On my first day of seventh grade in 2009, I nervously walked into the Saperstein Theatre for the first time. Surrounded by my new classmates, I was greeted with a projection of the school’s motto: They can because they think they can. The words filled me with trepidation and fervor. I came into the Harvard-Westlake community thinking that anything was possible. I may have been naïve, but I was also determined about all the things I could accomplish here. I came into this community thinking I can do anything as long as I believed I could.
Now it’s the first week of my senior year and after a couple years spent at the upper school, I’ve come to understand what the words I saw that first day really meant. I don’t know at what point in my Harvard-Westlake career I lost the passion and confidence I had coming in, but it was definitely gone for a while.
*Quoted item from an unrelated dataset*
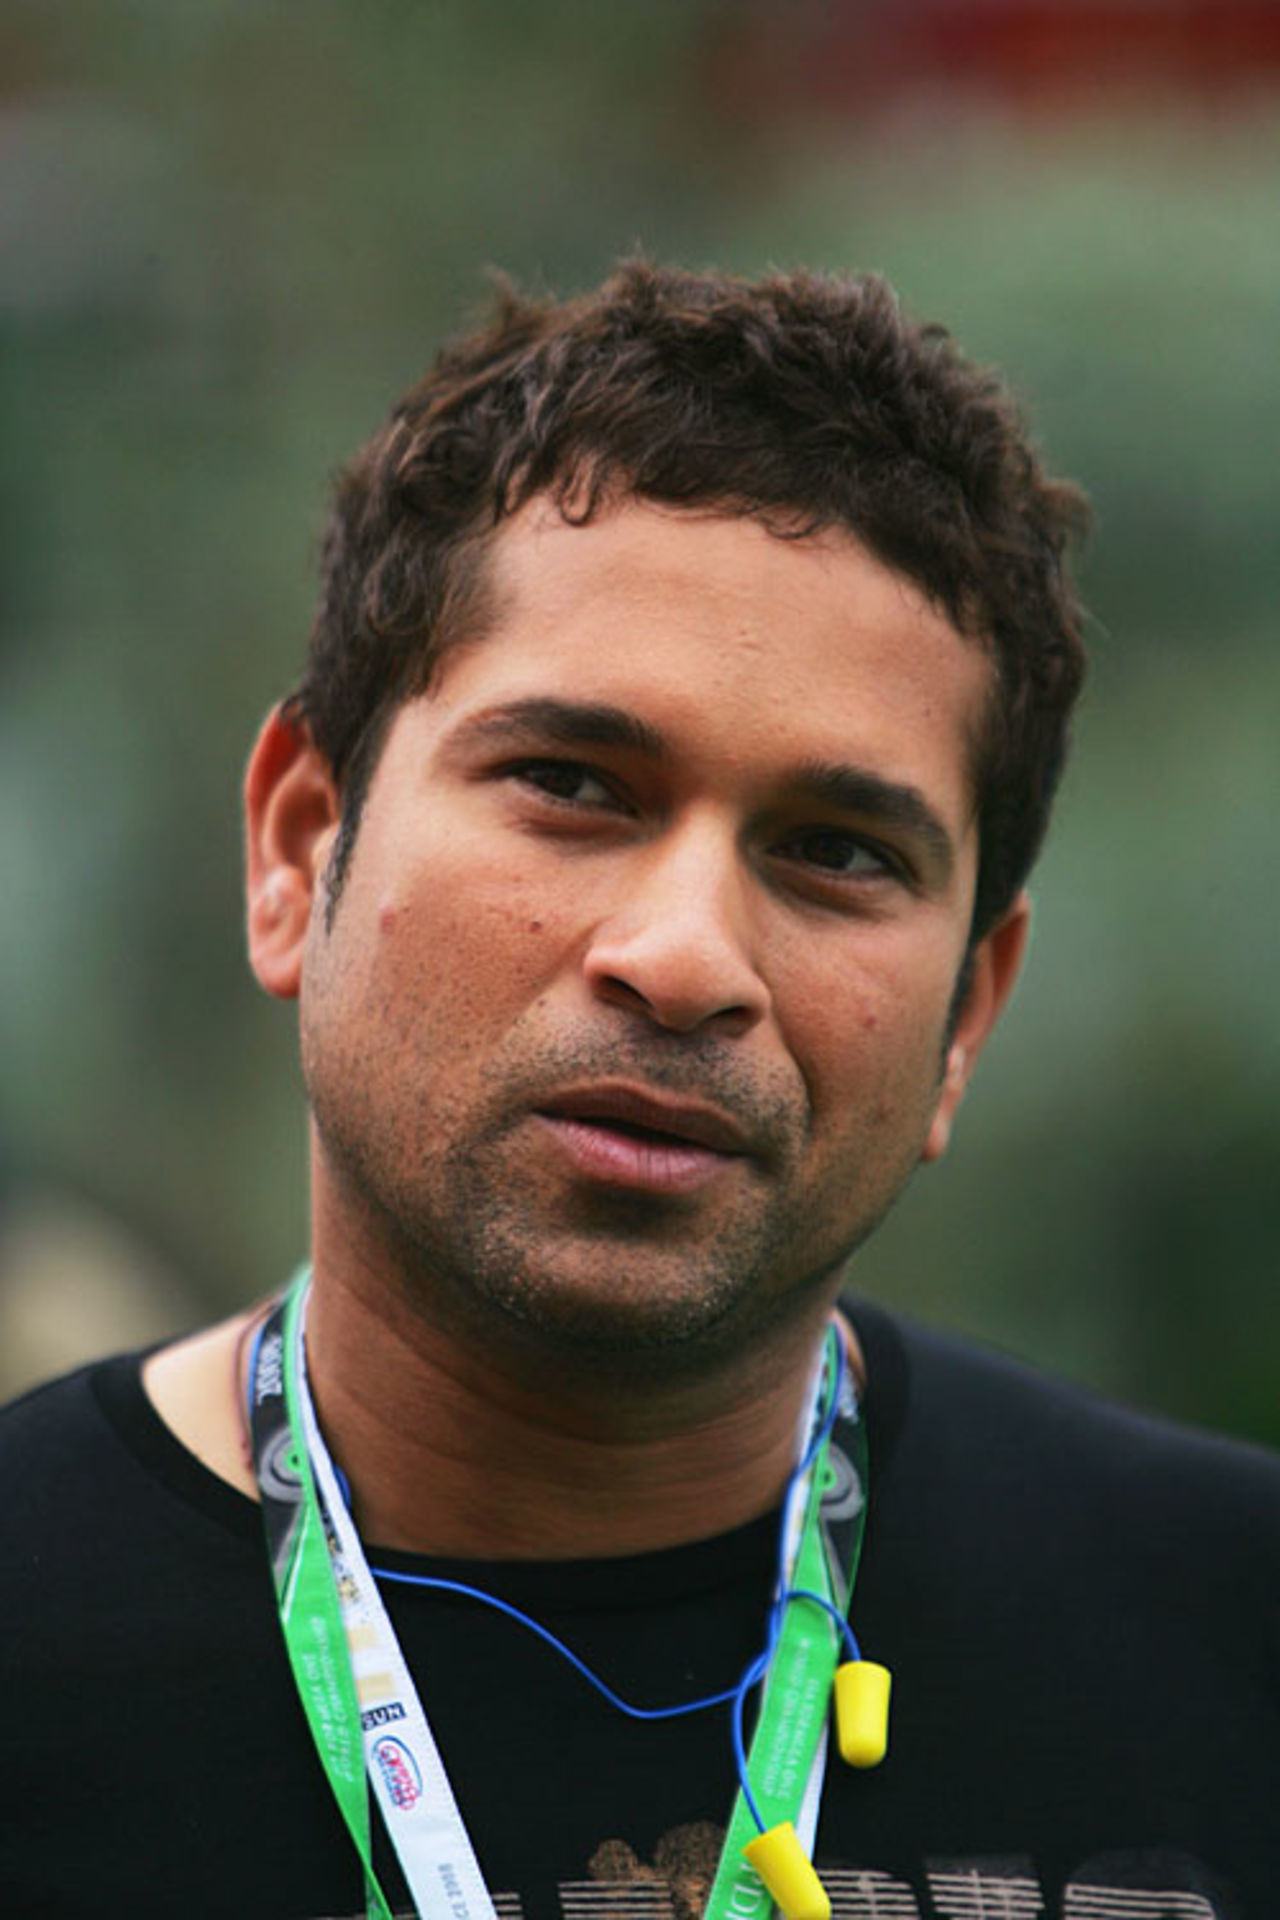 Sachin Tendulkar attends the F1 Grand Prix at Magny-Cours in France, June 22, 2008

I’m trying hard not to constantly second guess myself, but so many people have told me that this is such a crucial point in my life that it’s hard not to feel regretful. Did I try hard enough last year? Did I push myself enough? Did I do all the things I wanted to? Did I spend too much time with my friends and not enough with my teachers? Did I study for the SAT enough? Why didn’t I just take more subject tests last year? I can’t help but feel that I didn’t give it my all.
There’s no denying that junior year was incredibly stressful. I had my fair share of panic attacks and mental breakdown, but I didn’t feel as stressed about college as I should have been. For the most part I knew where I wanted to go, and I knew I’d probably get in. I had the grades for the school, and I was a good fit. It made sense. I didn’t consider any other colleges because I thought, “What’s the point?” I was comfortable with my choice because it was safe. Not to say that it isn’t a great college, and I think I would be very happy there, but I didn’t think I could push my limit when it came to college. I played it too safe last year.
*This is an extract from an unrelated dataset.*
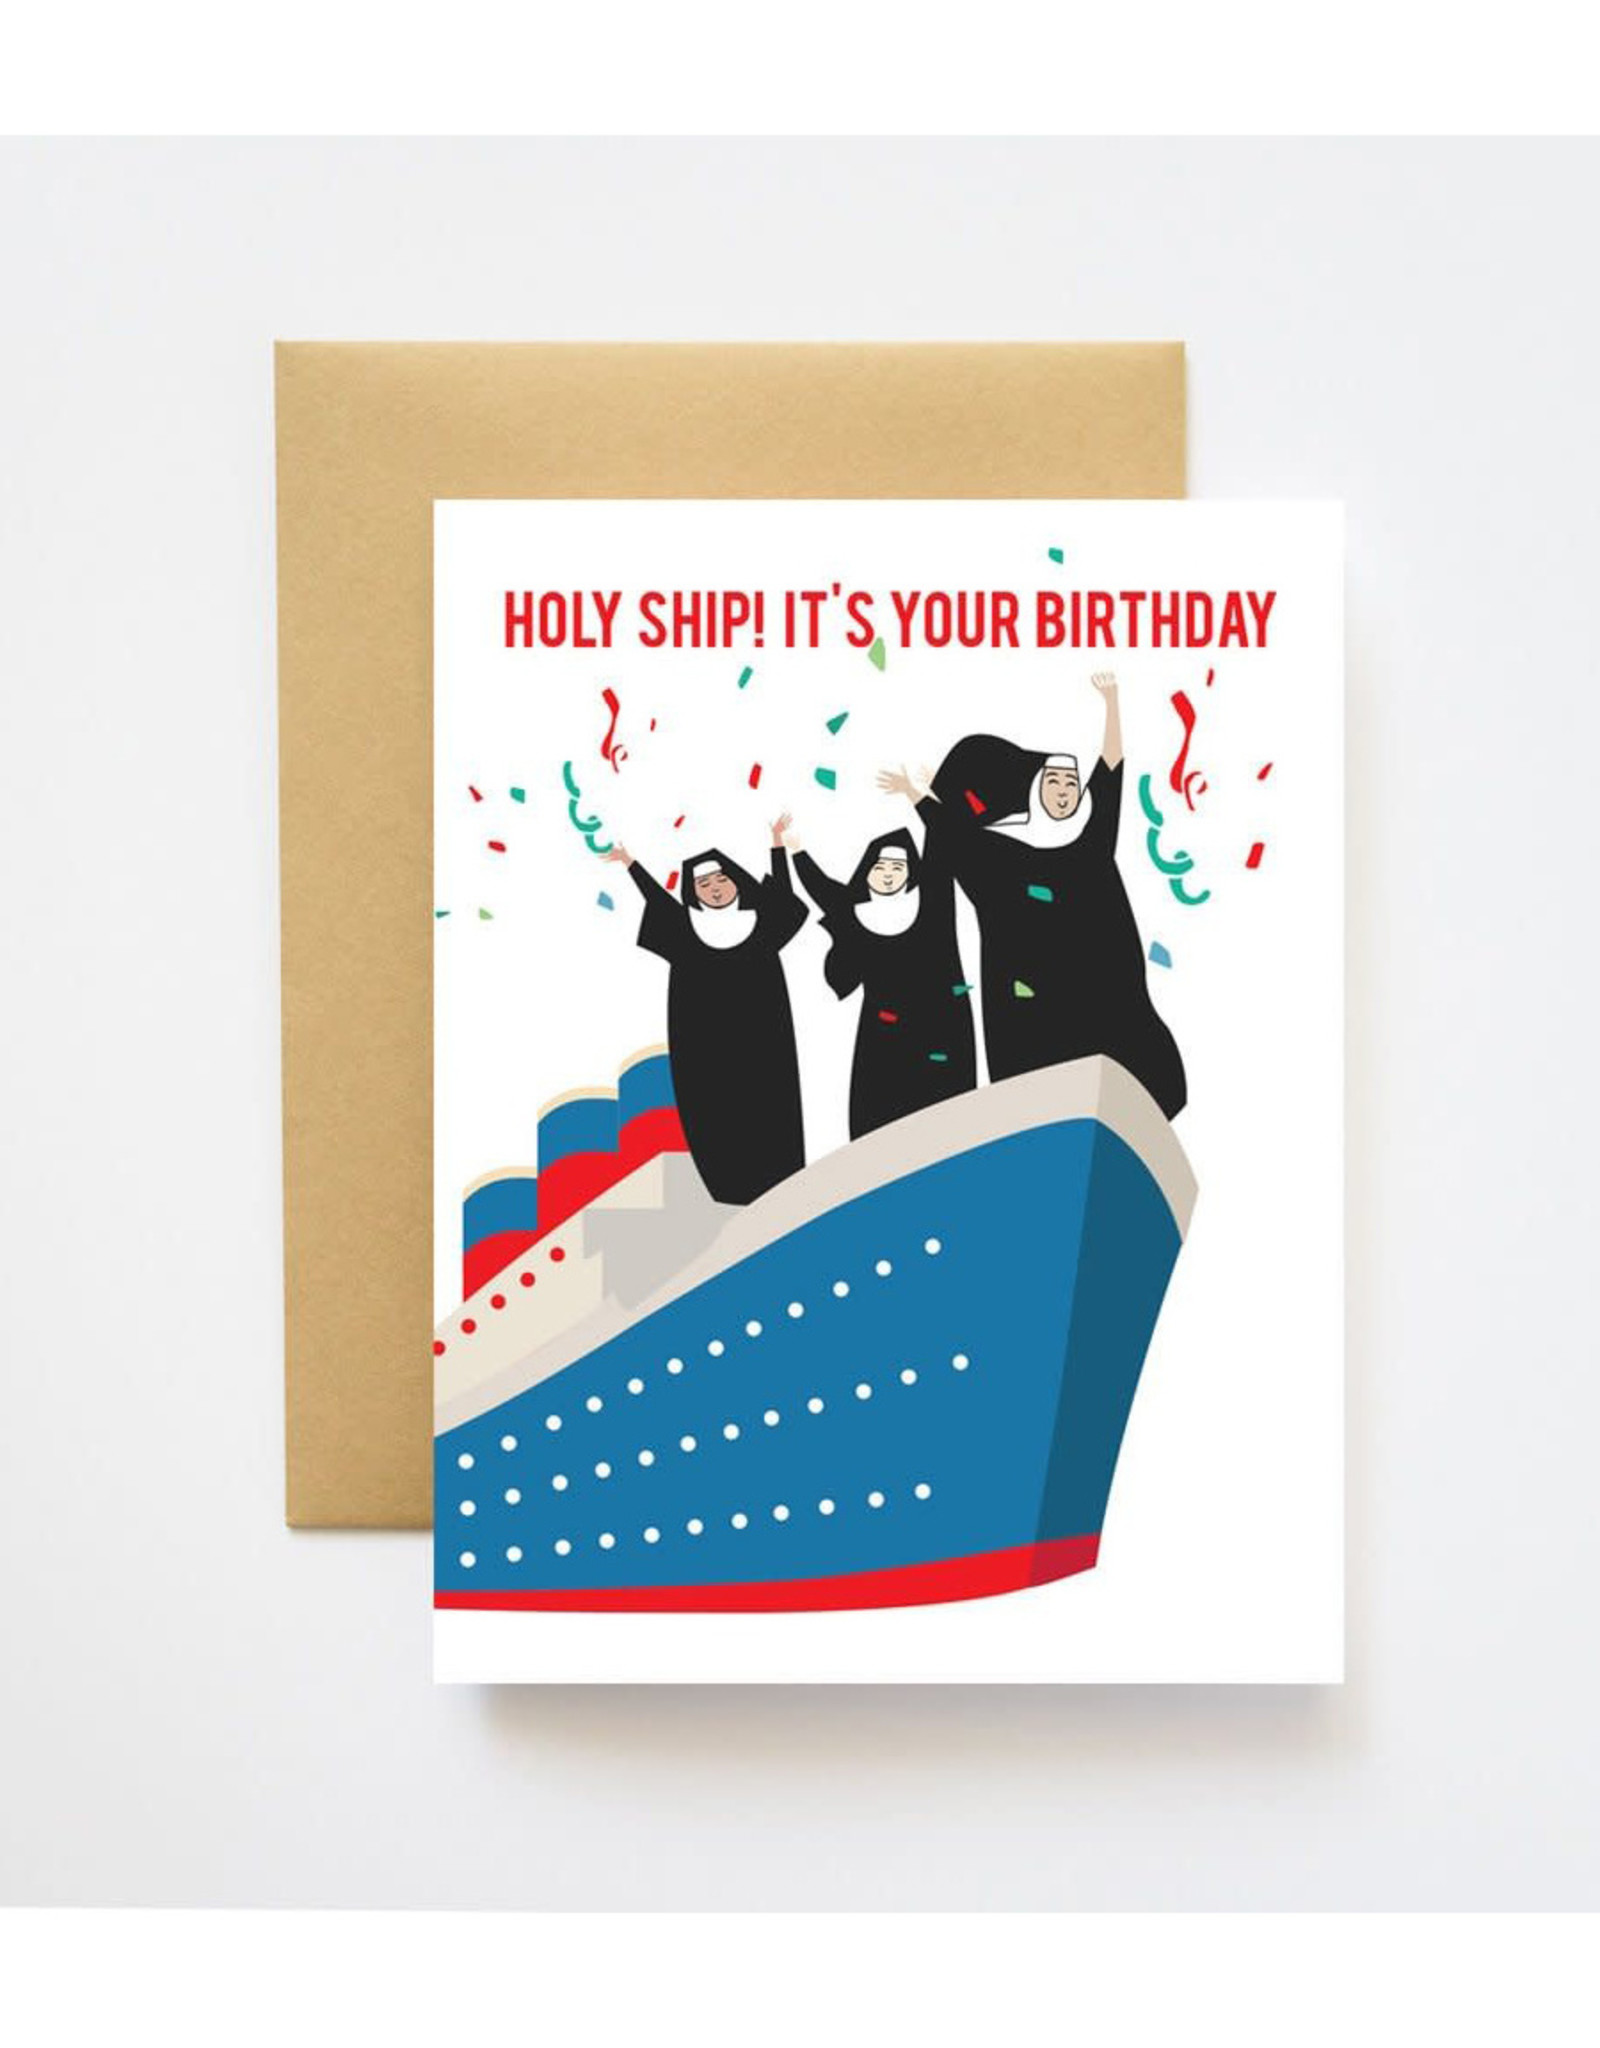 Holy Ship! It's Your Birthday! Greeting Card

The more I thought about it during the summer, the more I realized just how little confidence I had in myself during junior year. I should have been open to more colleges, but because I didn’t think I could get in, I didn’t let myself explore other colleges. I didn’t let myself aim higher because I didn’t think I had a shot anywhere else.
The deans also made sure that students didn’t have any unrealistic expectations by showing us utterly terrifying statistics in our deans meetings. I appreciate that they tried to protect us from possible disappointment but I think so many juniors came out of those weekly meetings feeling utterly crushed, like at first Harvard-Westlake told them they can and now they’re saying that they can’t.
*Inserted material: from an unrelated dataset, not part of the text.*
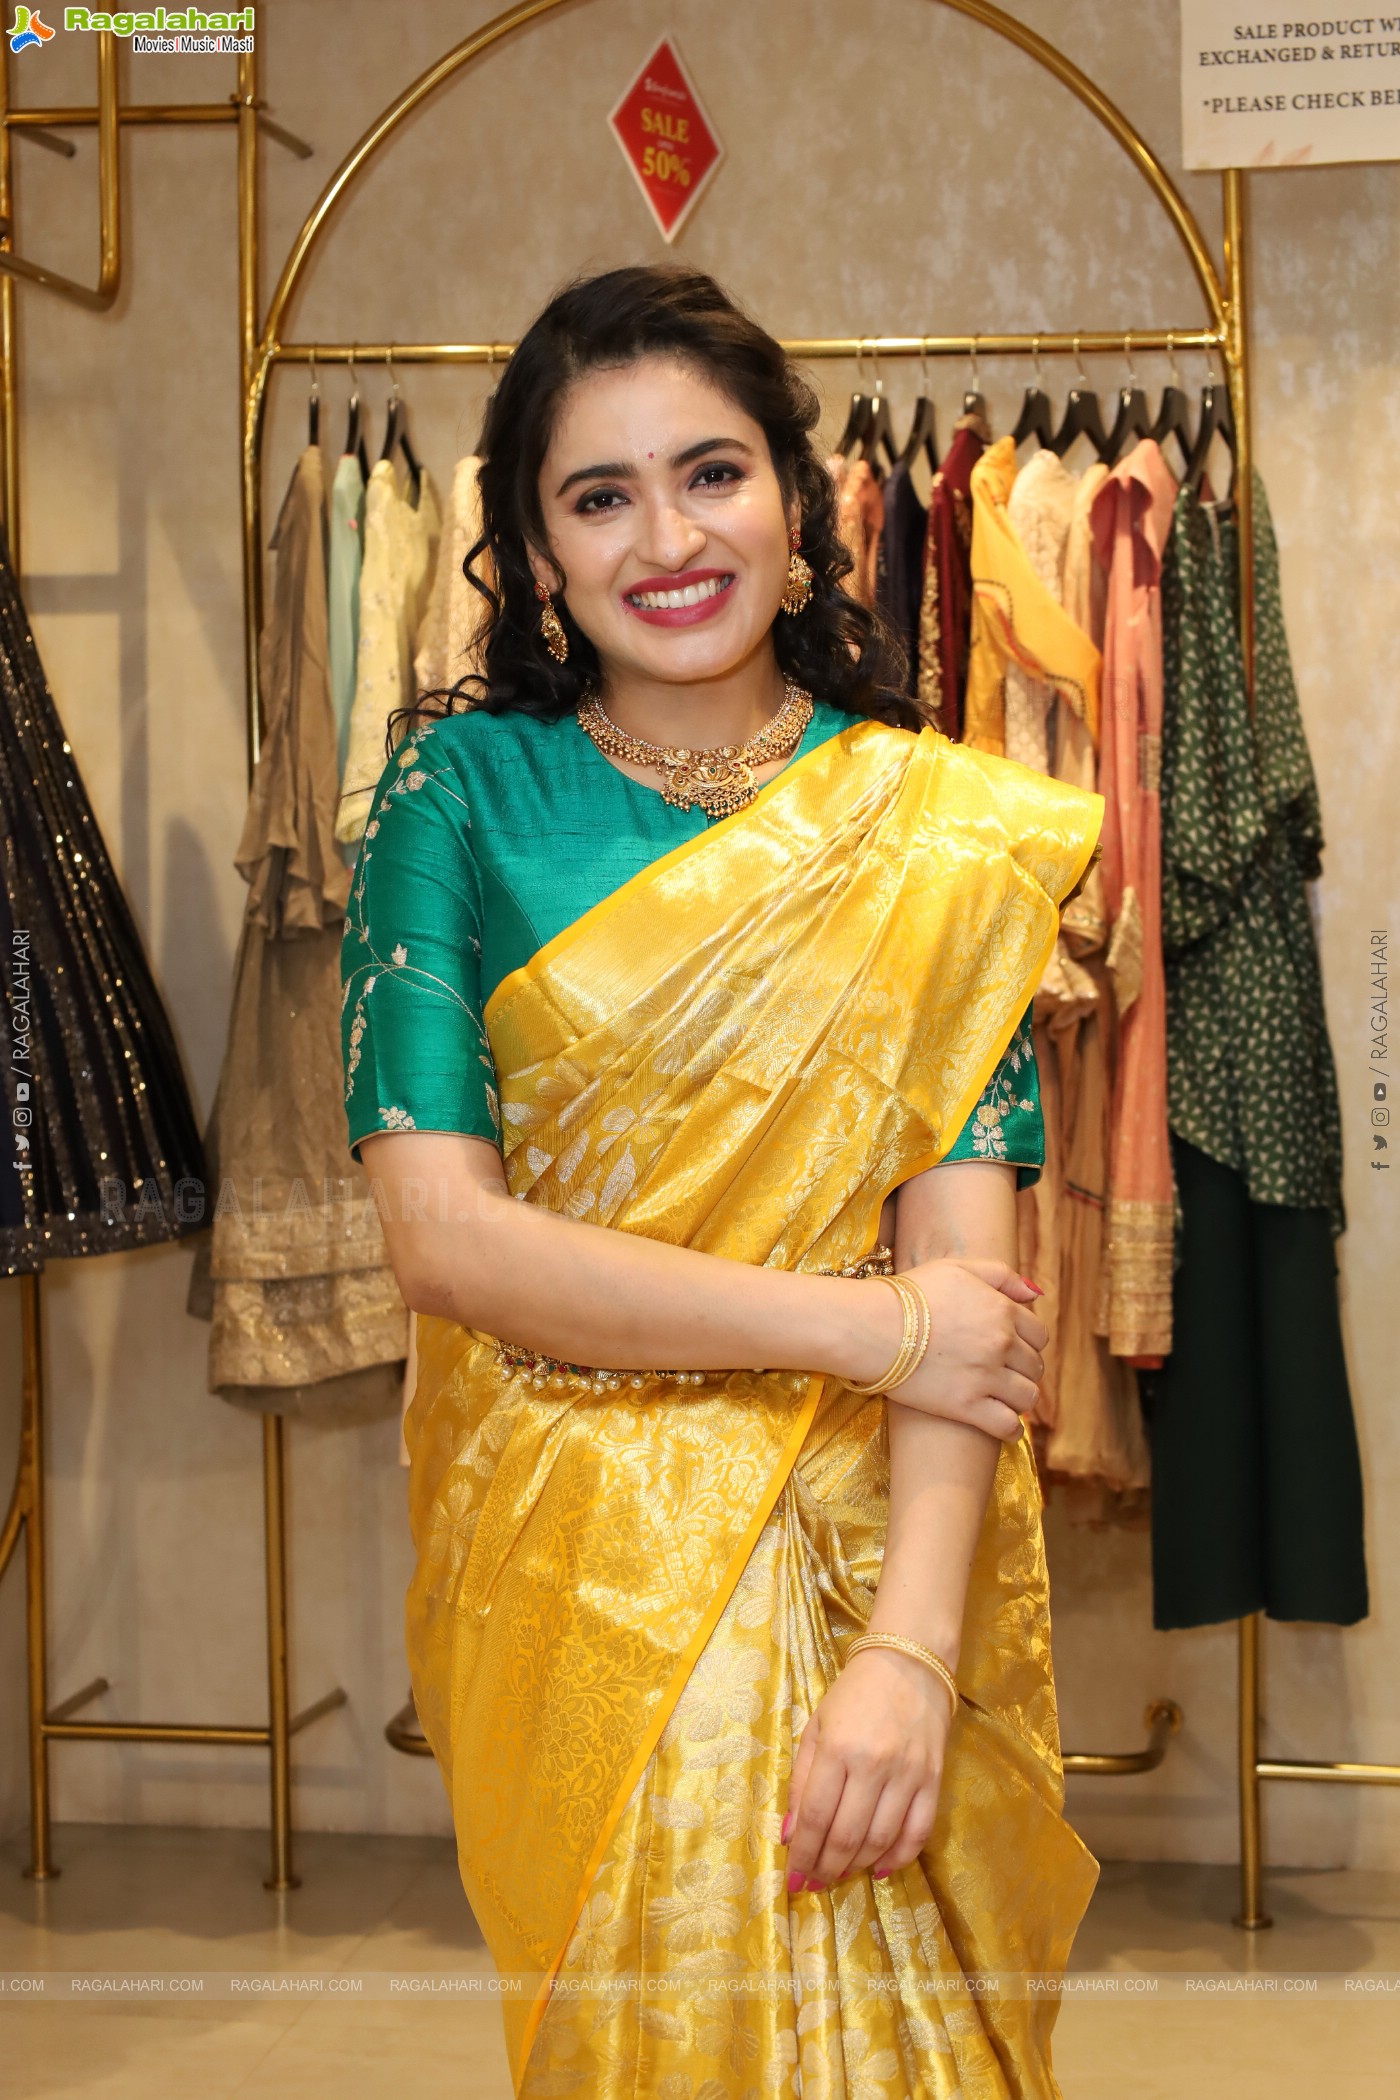 Singhania's Annual Sale at Jubilee Hills, Hyderabad

I recently found again the ambition I had starting in seventh grade. I went on a college tour during the summer, and I’ve reconsidered my options. I’m starting a bit late, but at least I’m giving it my all.
The advice I have for my underclassmen is to have faith in yourself.
From what I’ve found, self-confidence is just as important as your GPA, your essay and your test scores because if you don’t try, you won’t get in. I’m not saying you can get into an Ivy League by just believing in yourself, but it’s crucial to be passionate and sanguine. Don’t settle before you’ve even put yourself out there.